_INSTRUCTIONS FOR THE TASK_
Word-for-word reproduction, images excluded: copy every entry below.

_RECORDED INFORMATION_

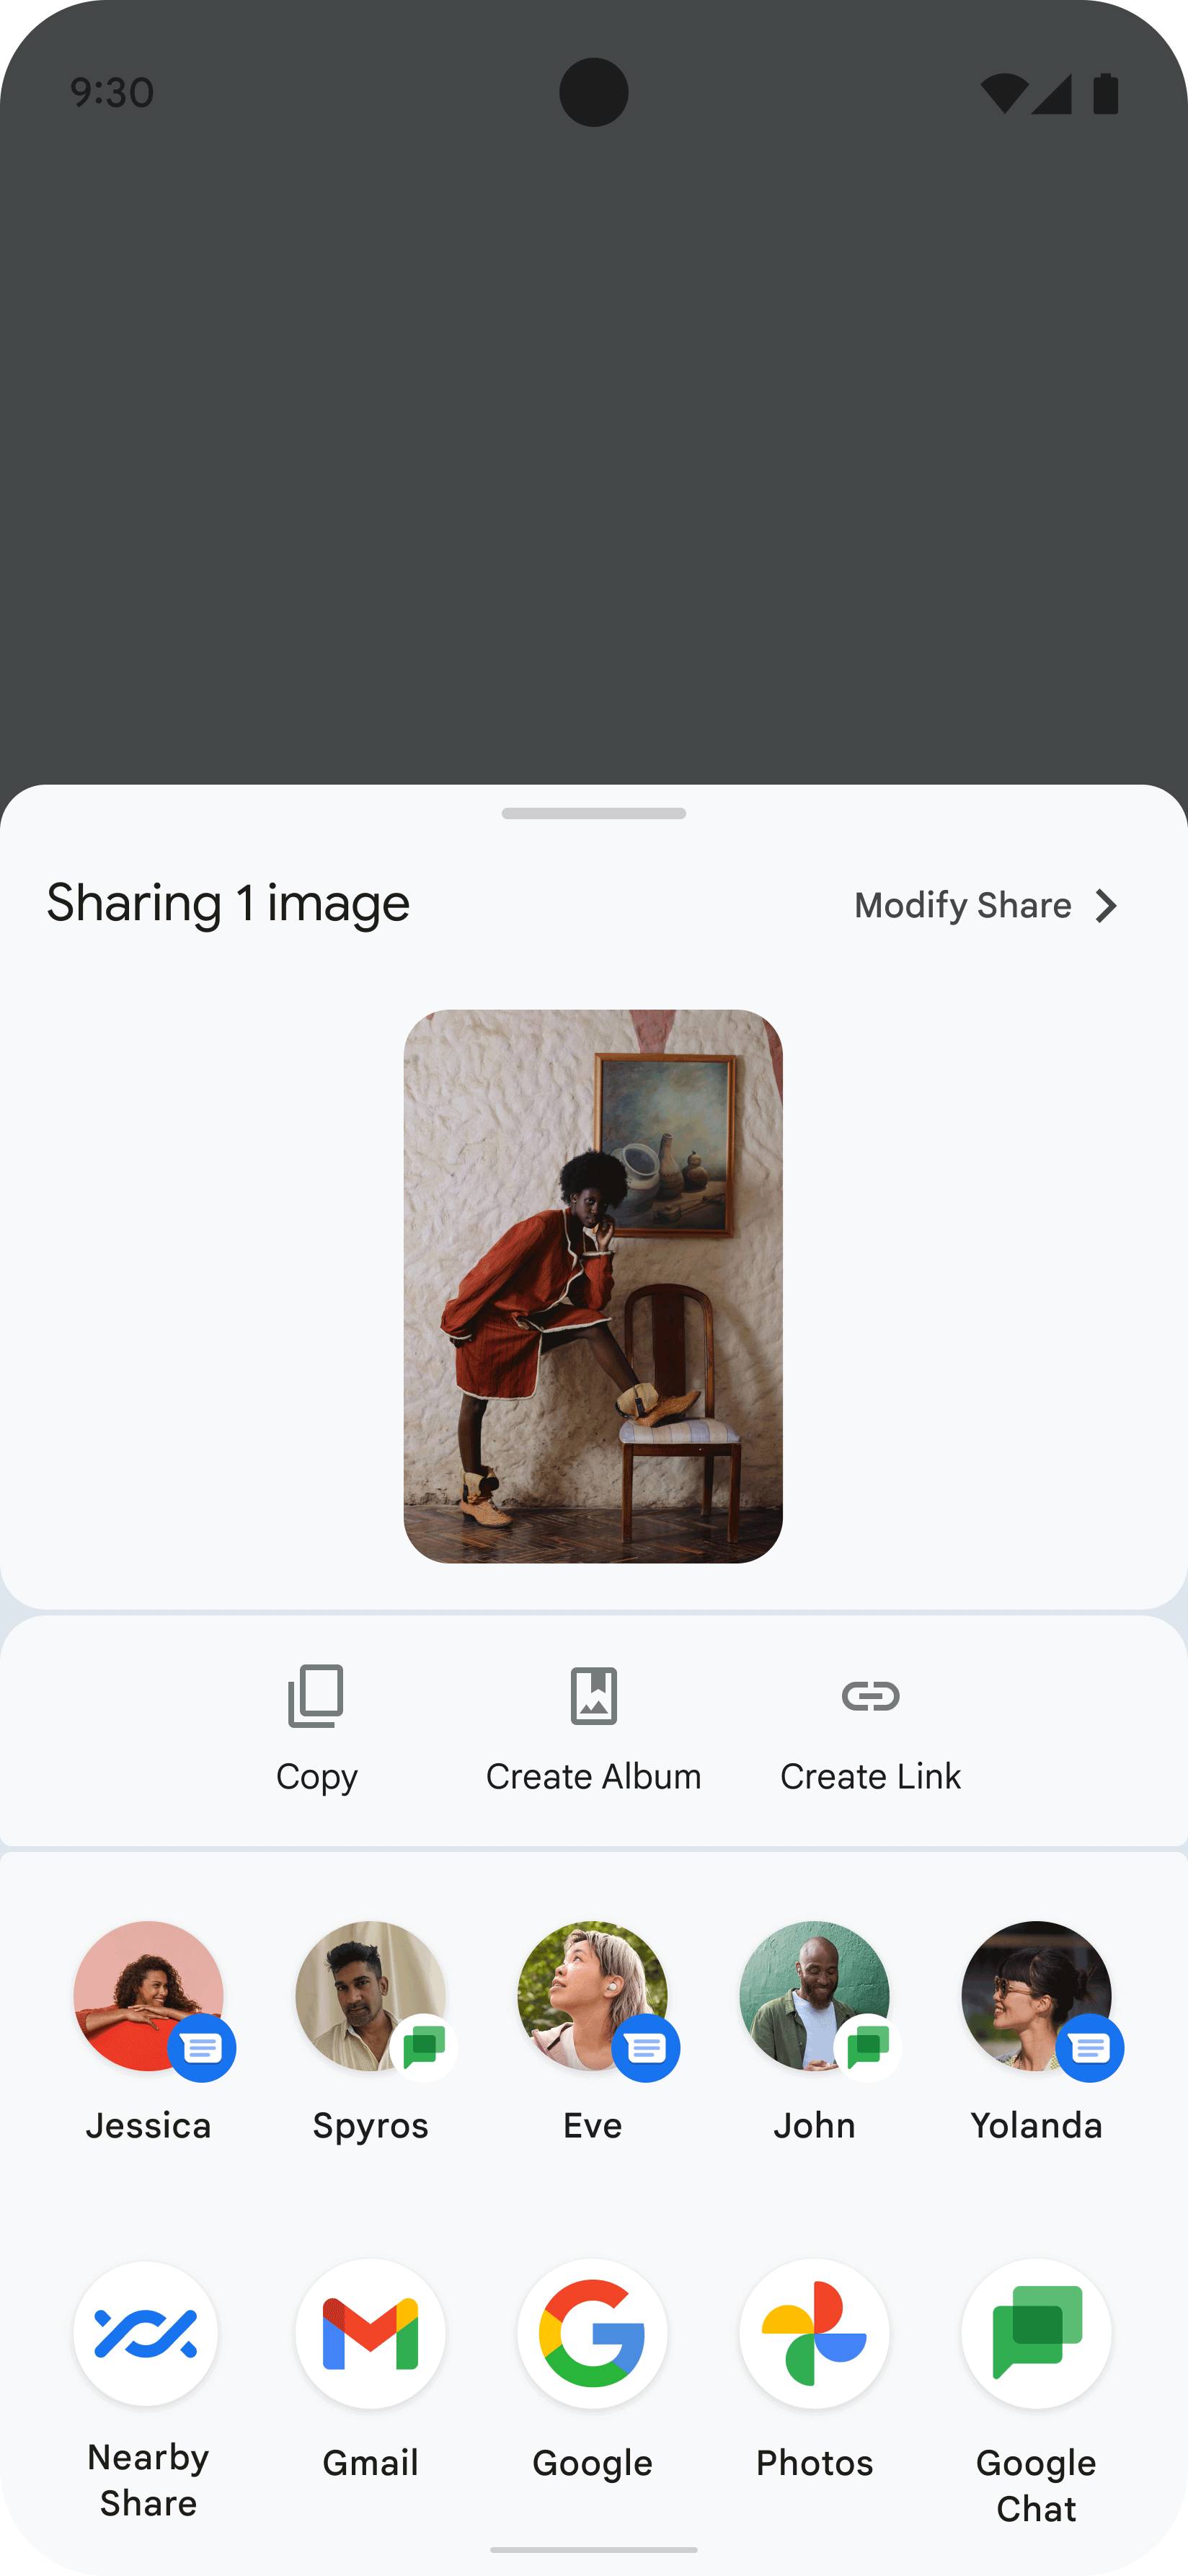 Esta imagem mostra o Sharesheet exibido em um app, resultado do usuário
  compartilhando a imagem de uma pessoa. O Sharesheet exibe vários ícones
  representando possíveis contatos e apps para compartilhar a imagem.
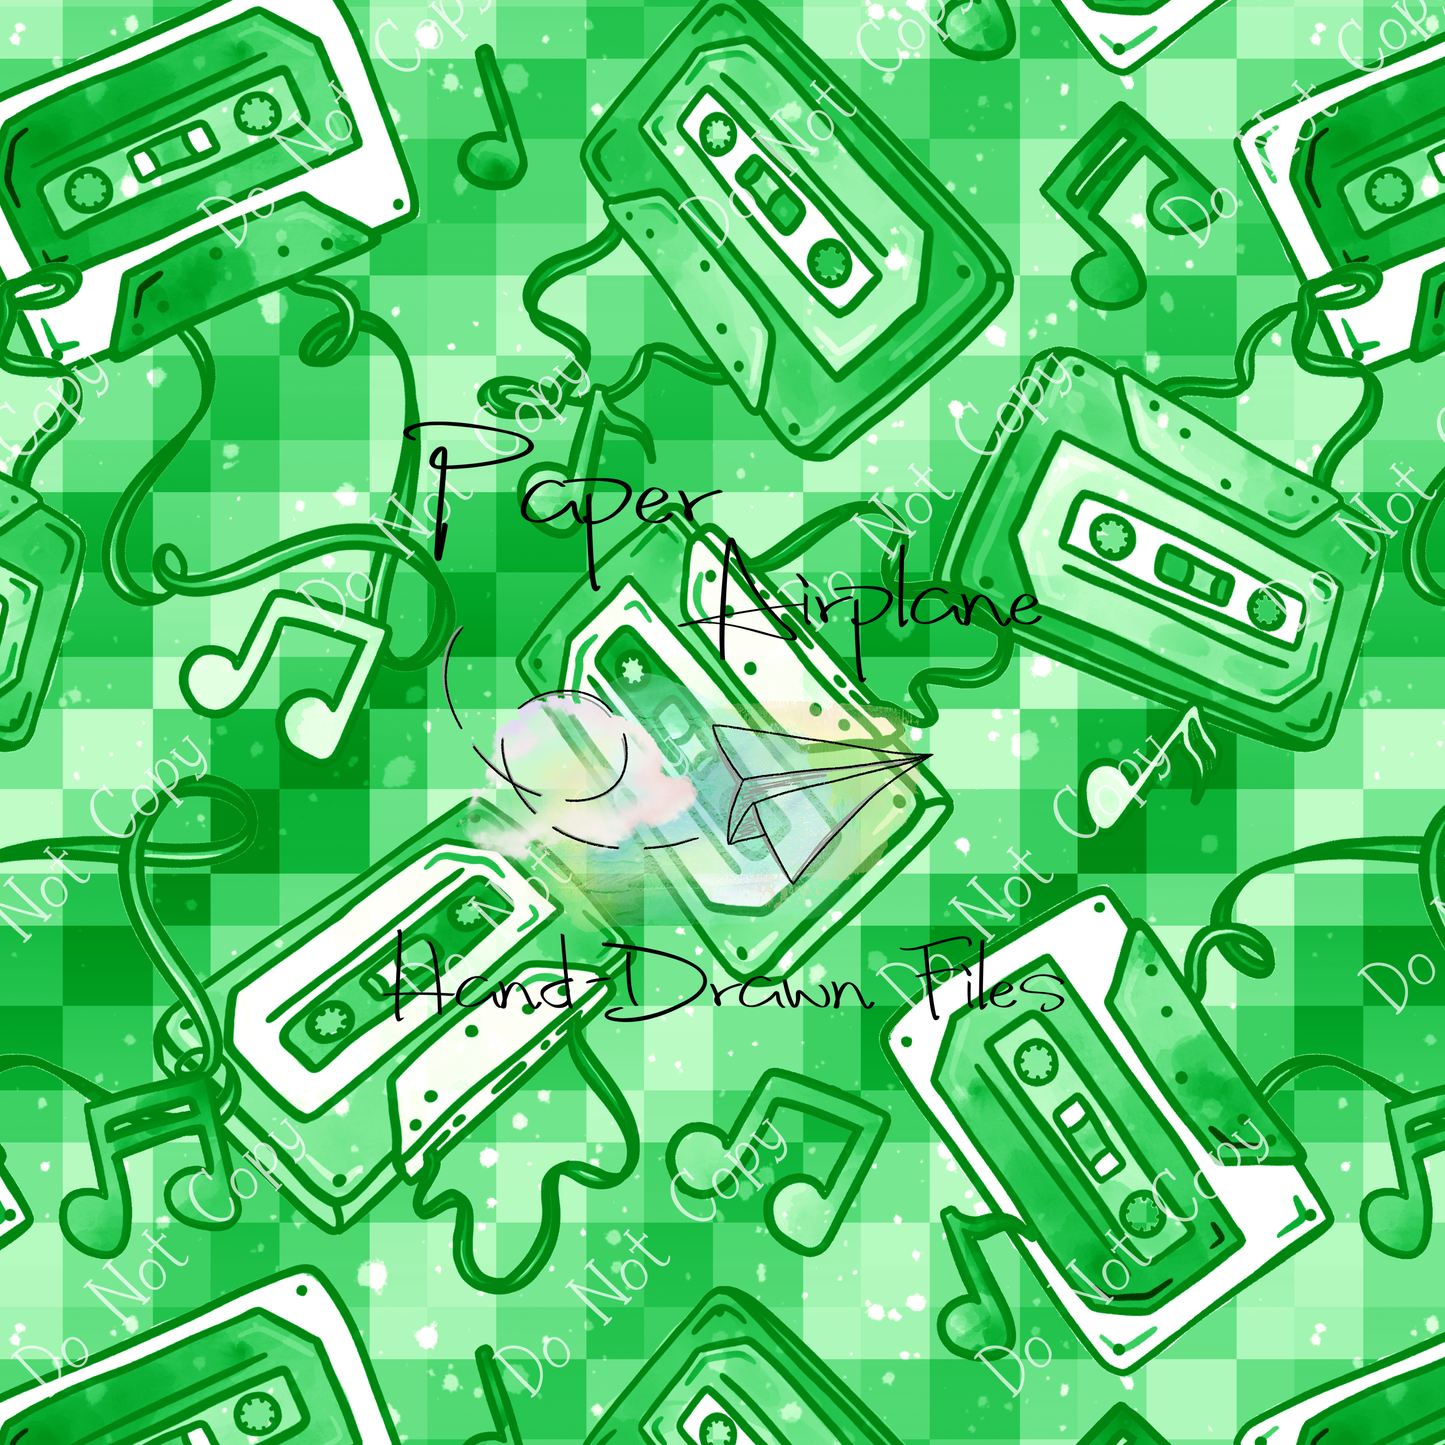 Mixtapes (Green)
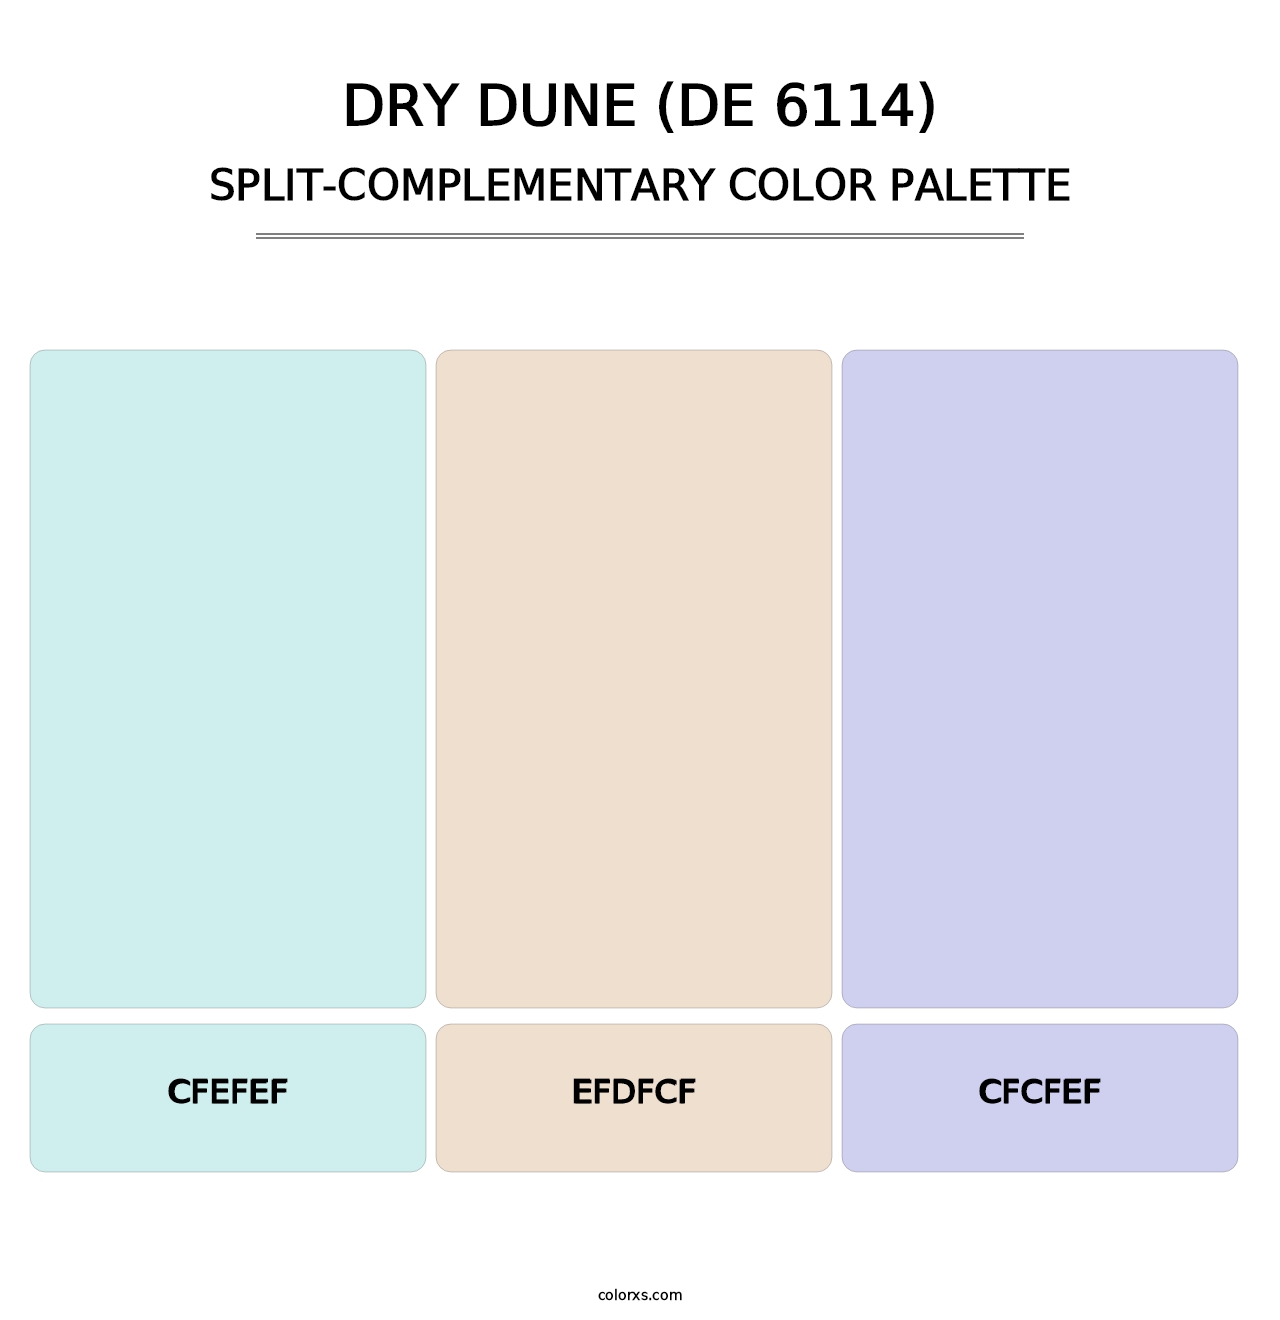 Dry Dune (DE 6114) - Split-Complementary Color Palette
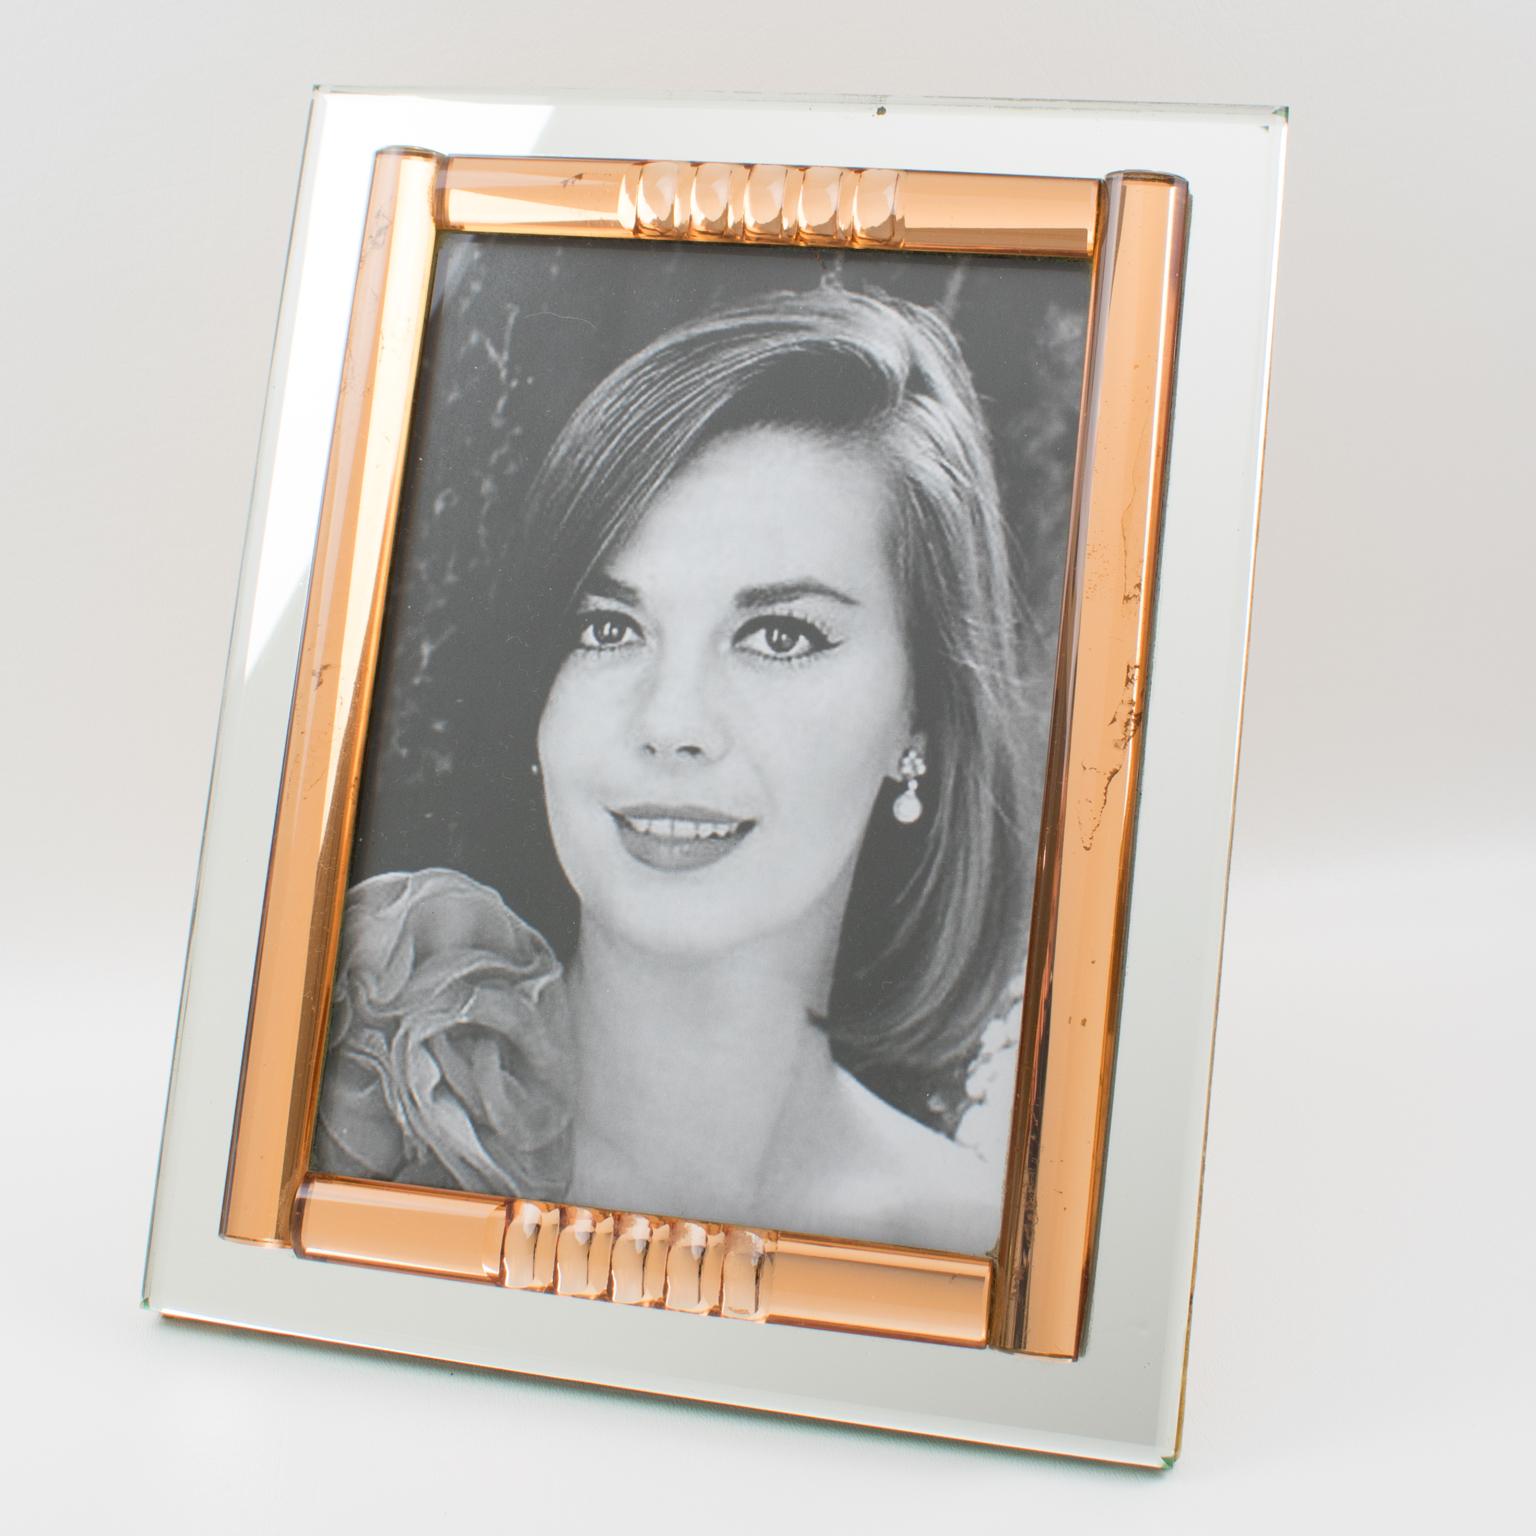 Diese atemberaubende Französisch 1940er Jahre Spiegel Bild Fotorahmen verfügt über eine tiefe geometrische Abschrägung und gewölbten Seiten in schönen Kupfer oder Pfirsich rosa Farbe mit silbernen Spiegelglas komplimentiert. Der Rahmen kann sowohl

_ANSWER SECTION_
 Esta imagem mostra o Sharesheet exibido em um app, resultado do usuário
  compartilhando a imagem de uma pessoa. O Sharesheet exibe vários ícones
  representando possíveis contatos e apps para compartilhar a imagem.
 Mixtapes (Green)
 Dry Dune (DE 6114) - Split-Complementary Color Palette
 Diese atemberaubende Französisch 1940er Jahre Spiegel Bild Fotorahmen verfügt über eine tiefe geometrische Abschrägung und gewölbten Seiten in schönen Kupfer oder Pfirsich rosa Farbe mit silbernen Spiegelglas komplimentiert. Der Rahmen kann sowohl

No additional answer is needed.